SharedMatrix is a rectangular 2D array of values. Matrix values are a superset of JSON serializable types that includes embedded IFluidHandle references to Fluid object.
The SharedMatrix currently supports the following operations:
insertCols(col, numCols)
/removeCols(col, numCols)
insertRows(row, numRows)
/removeRows(row, numRows)
setCells(row, col, numCols, values)
(values is a 1D array in row-major order)
Insertion / removal operations are reconciled using Fluid sequence semantics, while setCells() uses Fluid map semantics.

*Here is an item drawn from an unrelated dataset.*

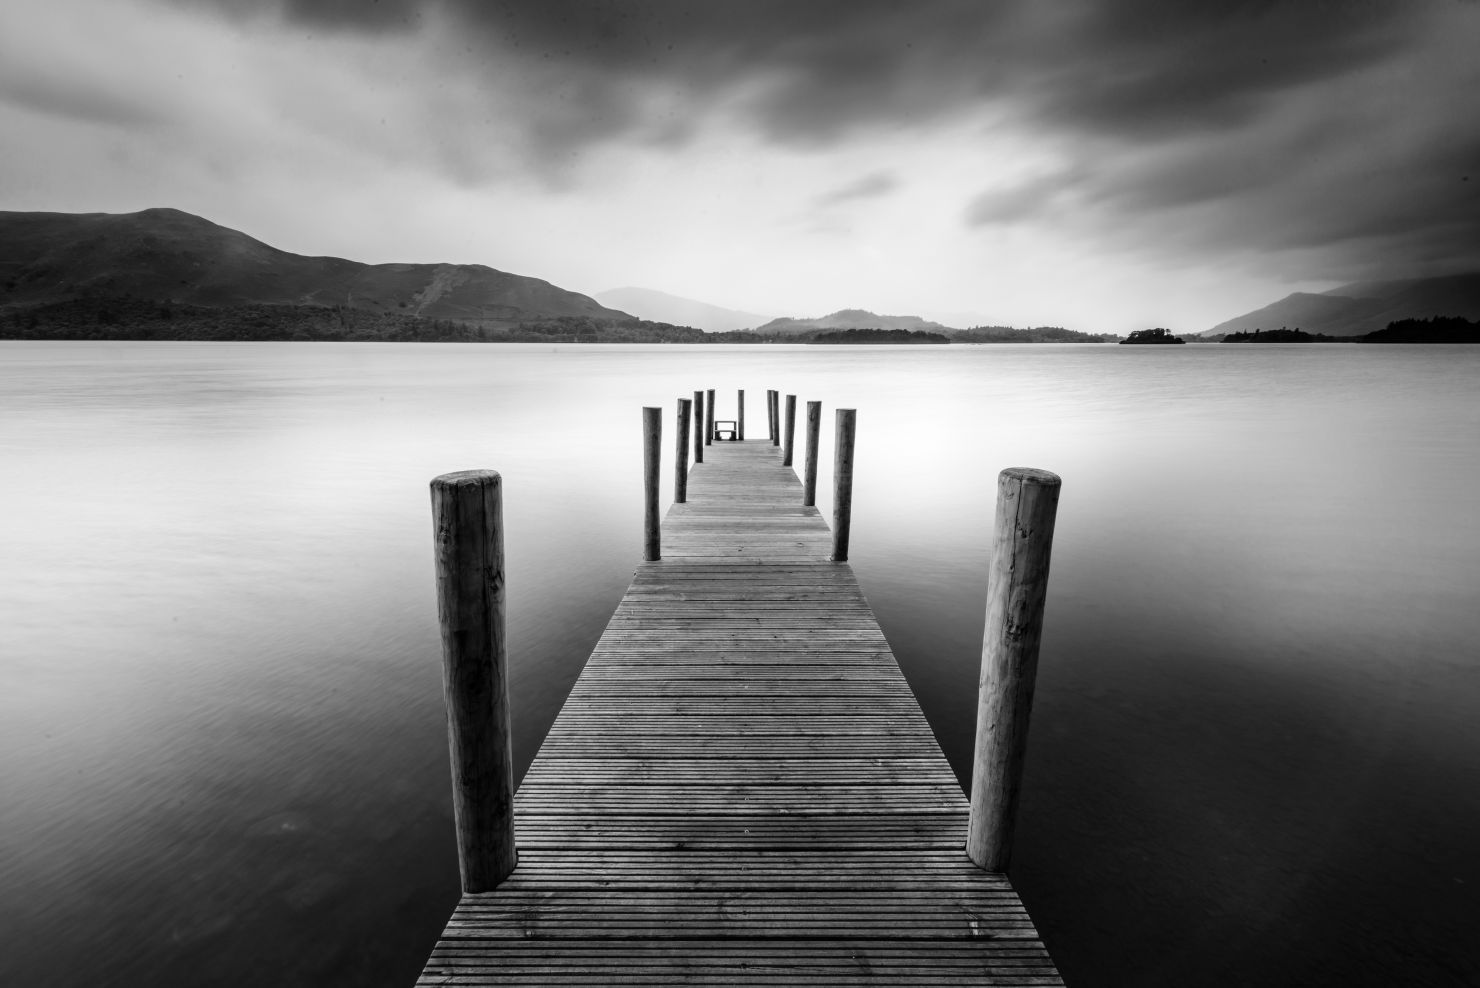 Jetty by the lake

The SharedMatrix data structure is comprised of:
- Two 'PermutationVectors', which are used to process row/col insertion and removal ops
- A sparse quadtree-like "physical store" for holding the cell values
The 'PermutationVectors' provide a layer of indirection between the current logical row/col (e.g., R2
) and the [x,y]
coordinate in the physical store where the cell value is stored.
For example, to store the following matrix:
A B C D <- logical col
+--------
1 | . . . 3
logical row -> 2 | . . . .
3 | 8 . . .
4 | C . . F
The SparseMatrix allocates 3 rows and 2 columns from the physical storage:
0 . . 1 <- column allocs
+--------
0 | . . . 3
. | . . . .
row allocs -> 1 | 8 . . .
2 | C . . F
And writes the cell values to these locations:
0 1 <- physical col
+----
0 | . 3
physical row -> 1 | 8 .
2 | C F
The next row/column to be inserted is assigned the next available physical address, regardless of where the row/col was logically inserted. Deleted rows/cols are recycled after clearing the physical store.
This indirection between logical row/col and storage row/col provides three functions:
- It is used to elide empty rows & cols, increasing the storage density.
- It avoids copying cell values when rows/cols are inserted and removed (just the logical -> storage vector is updated).
- It enables us to "time-travel" to previous matrix versions when reconciling ops from remote clients.
To support reconciliation, we use a MergeTree for each PermutationVector. MergeTree is a B-Tree of order 7 that temporarily maintains some extra metadata to reconcile ops while they are within the current collab window.
Cell data is stored in a quadtree-like data structure that is a recursive subdivision of 16x16 tiles. The implementation leverages Morton coding to implement this as a cascade of fast 1D array accesses.
const keyHi = r0c0ToMorton2x16(row >>> 16, col >>> 16);
const keyLo = r0c0ToMorton2x16((row << 16) >>> 16, (col << 16) >>> 16);
const level0 = this.root[keyHi];
if (level0 !== undefined) {
const level1 = level0[byte0(keyLo)];
if (level1 !== undefined) {
const level2 = level1[byte1(keyLo)];
if (level2 !== undefined) {
const level3 = level2[byte2(keyLo)];
if (level3 !== undefined) {
return level3[byte3(keyLo)];
}
}
}
}
return undefined; // Empty region
A benefit of storing the cell data in Z-order is that both row-major and col-major traversal benefit from prefetching and cache coherence. Reading/writing to the physical storage along either axis is typically within an order of magnitude compared to sequentially accessing a cache hot native JavaScript array.